Stocks tumbled Monday as technology shares were routed and investors fled from growth stocks. The Dow Jones Industrial Average (^DJI -0.22%) lost more than 500 points at its nadir, but partially recovered at the end of the day. The S&P 500 (^GSPC -0.05%) also posted a significant decline, and the tech-heavy NASDAQ Composite (^IXIC 0.08%) plunged 3%.
Today's stock market
Index | Percentage Change | Point Change |
---|---|---|
Dow | (1.56%) | (395.78) |
S&P 500 | (1.66%) | (45.54) |
The Technology Select Sector SPDR ETF (XLK 0.15%) lost 3.8%, and narrower indexes of internet stocks fared even worse; the First Trust Dow Jones Internet ETF (FDN -0.06%) tumbled 5.1%.
Apple (AAPL 0.14%) led the market downward due to concerns about iPhone sales, and JD.com (JD -6.07%) contributed to the sell-off with disappointing guidance.
Apple investors continue to worry about iPhone sales
Apple shares continued their recent decline, falling 4% after The Wall Street Journal published an article that reinforced the market's worries about iPhone sales. The article quotes "people familiar with the matter" as saying that the company has slashed its production, throwing suppliers into turmoil.
Apple stock has fallen 16% since the company's Nov. 1 earnings announcement, when it issued guidance below expectations and said it would no longer report iPhone unit sales, inciting some investors to worry that the company was hiding something. Last week, two Apple suppliers, Qorvo and Lumentum, issued press releases revising guidance their downward and leaving little doubt that changes to iPhone-related orders were the issue.
The market seems to be assuming that the production changes are being made as a result of information that arrived after Apple's conference call just under three weeks ago, when the company warned of uncertainties in "supply demand balance" for its phones, and accounted for that in its guidance. That may or not be true, but these sorts of worries do seem to spread whenever Apple releases a new update of its flagship devices.
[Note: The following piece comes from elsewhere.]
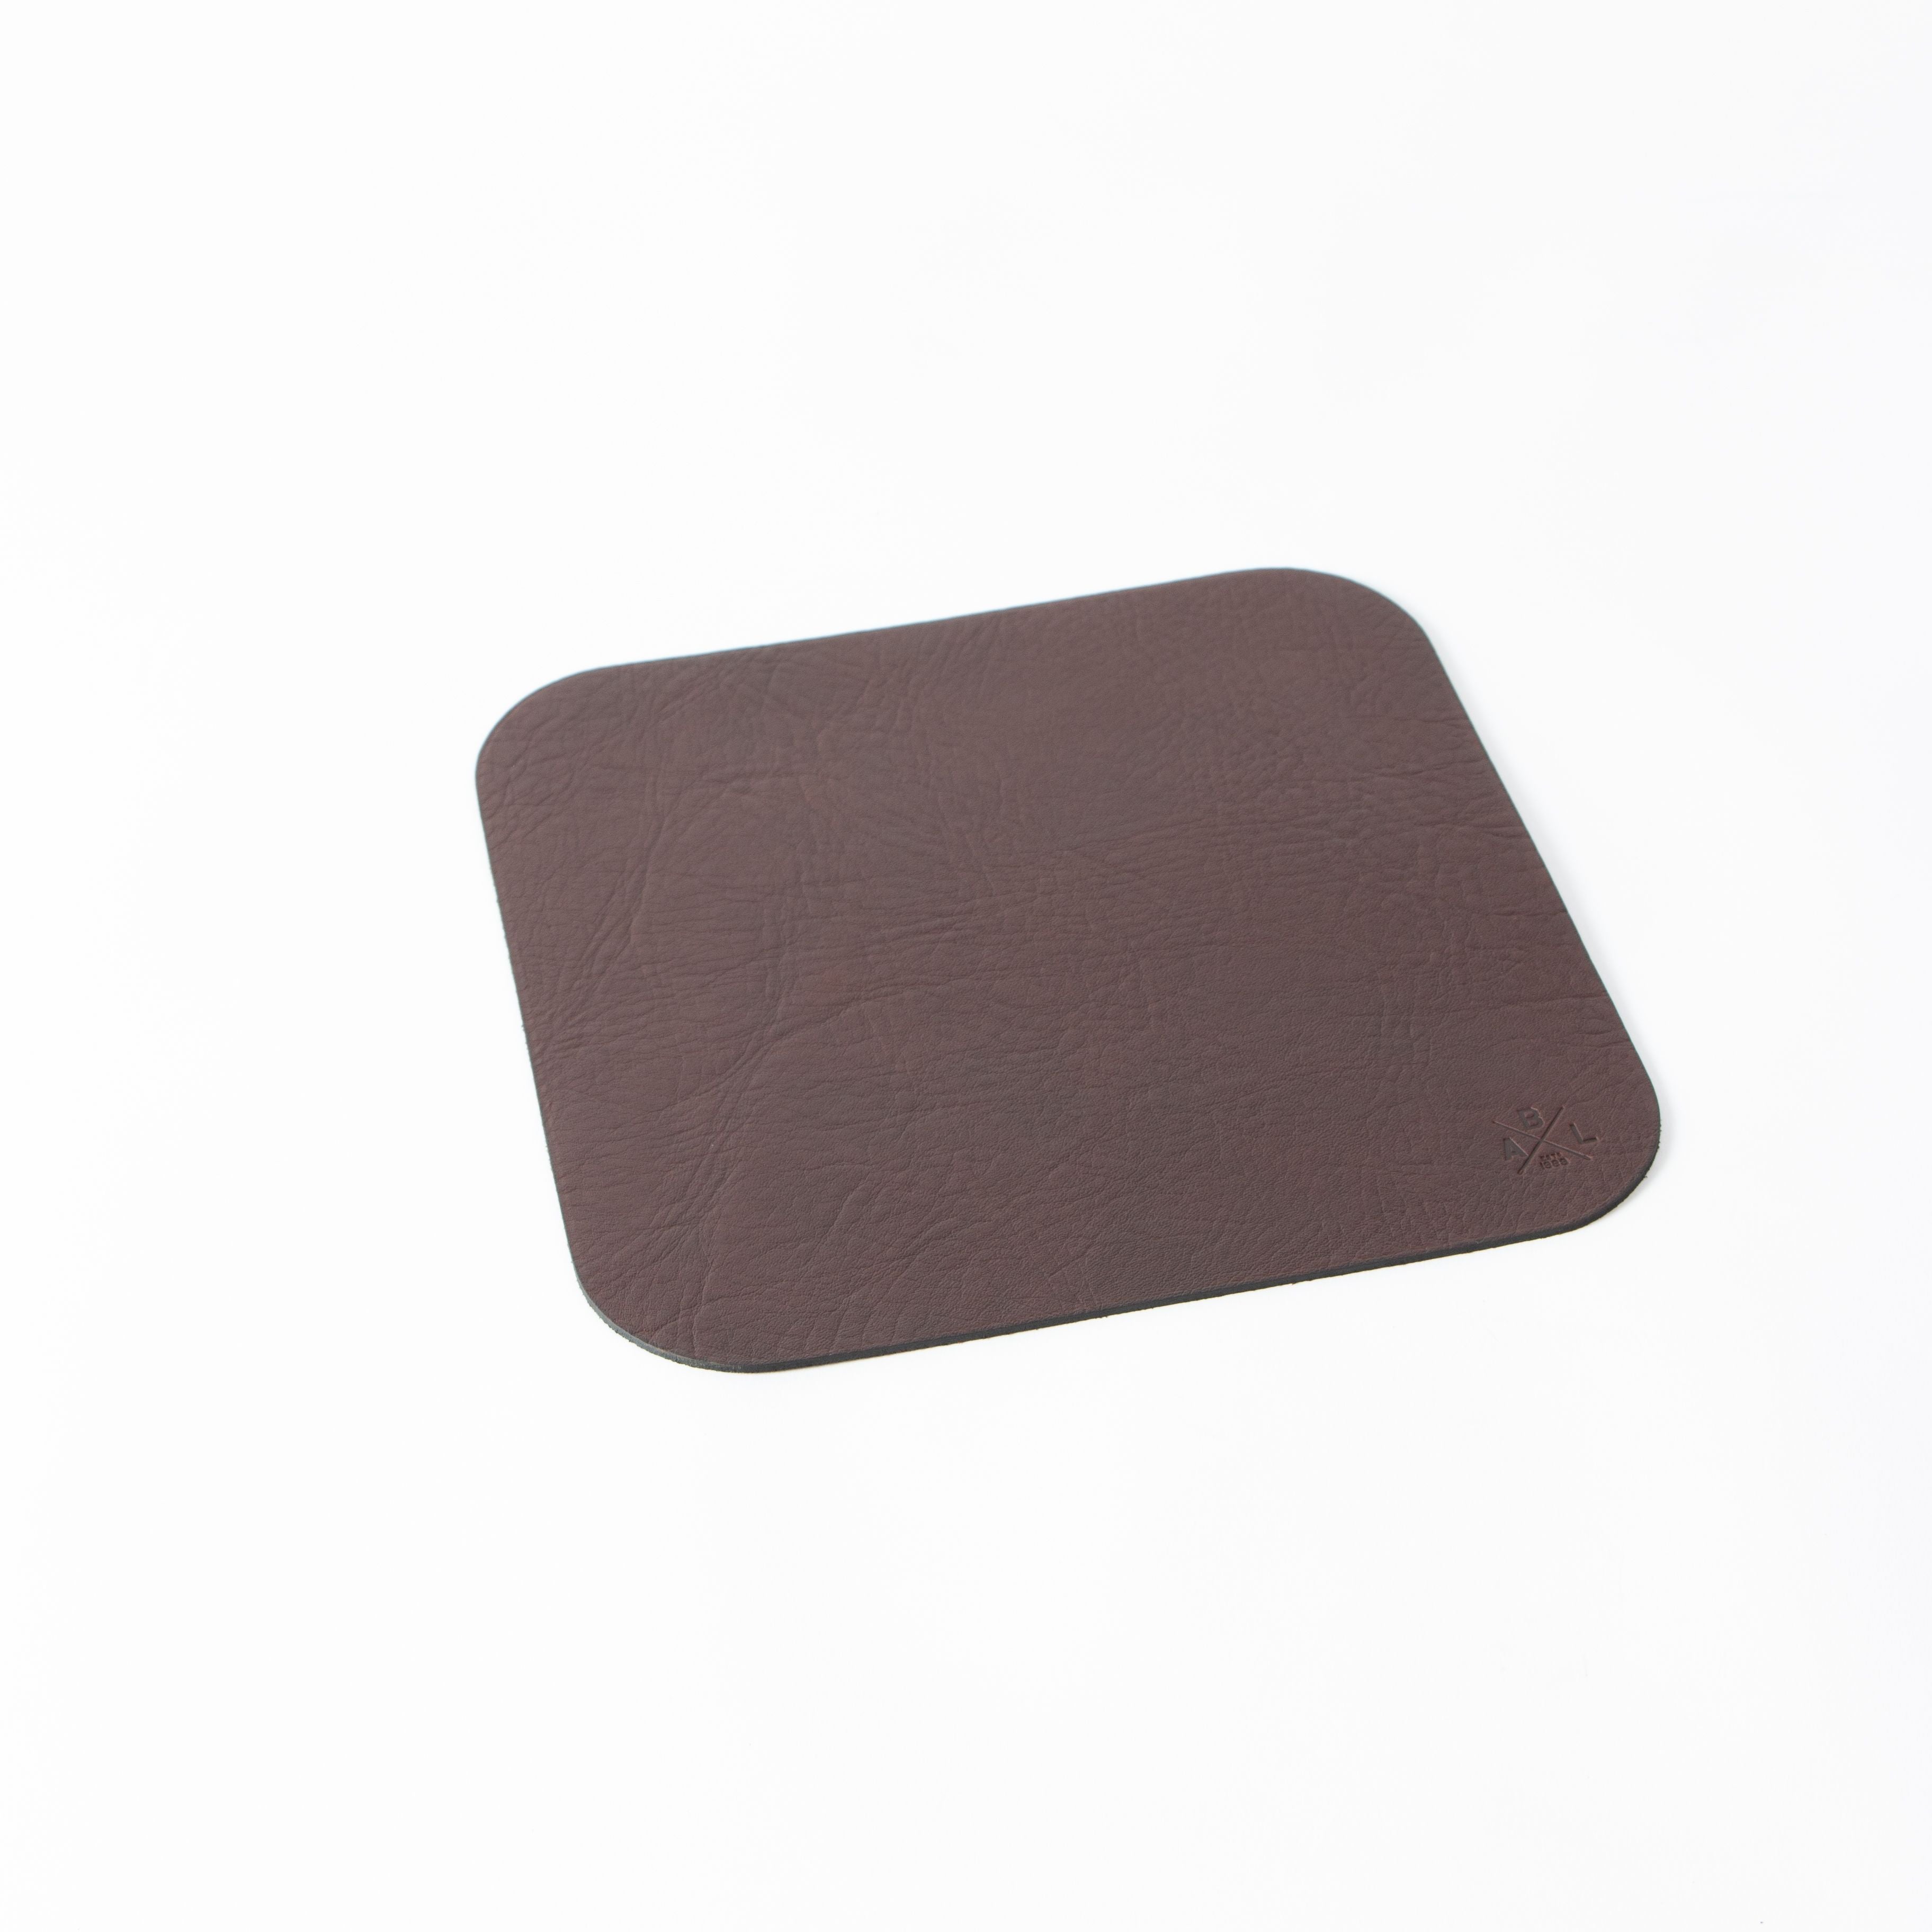 Premium Leather Mouse Pad

JD reports slowing sales growth
Shares of Chinese e-commerce company JD.com fell 8.4% after it reported better-than-expected profits for its fiscal third quarter, but gave disappointing guidance for Q4. Revenue grew 25.1% to 104.8 billion yuan ($15.3 billion), about what analysts were expecting. Adjusted earnings per share were $0.12, ahead of the $0.10 analyst consensus.
But JD said it expects Q4 revenue of between 130 billion yuan and 135 billion yuan, which would amount to an increase of between 18% and 23% over last year. Analysts had been expecting a forecast for 23.5% growth, and even that would have been well below the 38.7% growth it achieved in Q4 2017. The company is seeing a slowdown in sales of big-ticket items; on the conference call, management said the guidance reflects "relatively soft retail sales in certain durable goods categories."
The e-commerce giant is also dealing with issues related to the arrest of its CEO for sexual assault, as well as a current distaste among investors for Chinese stocks broadly, so news of the sales growth slowdown understandably hit the shares hard.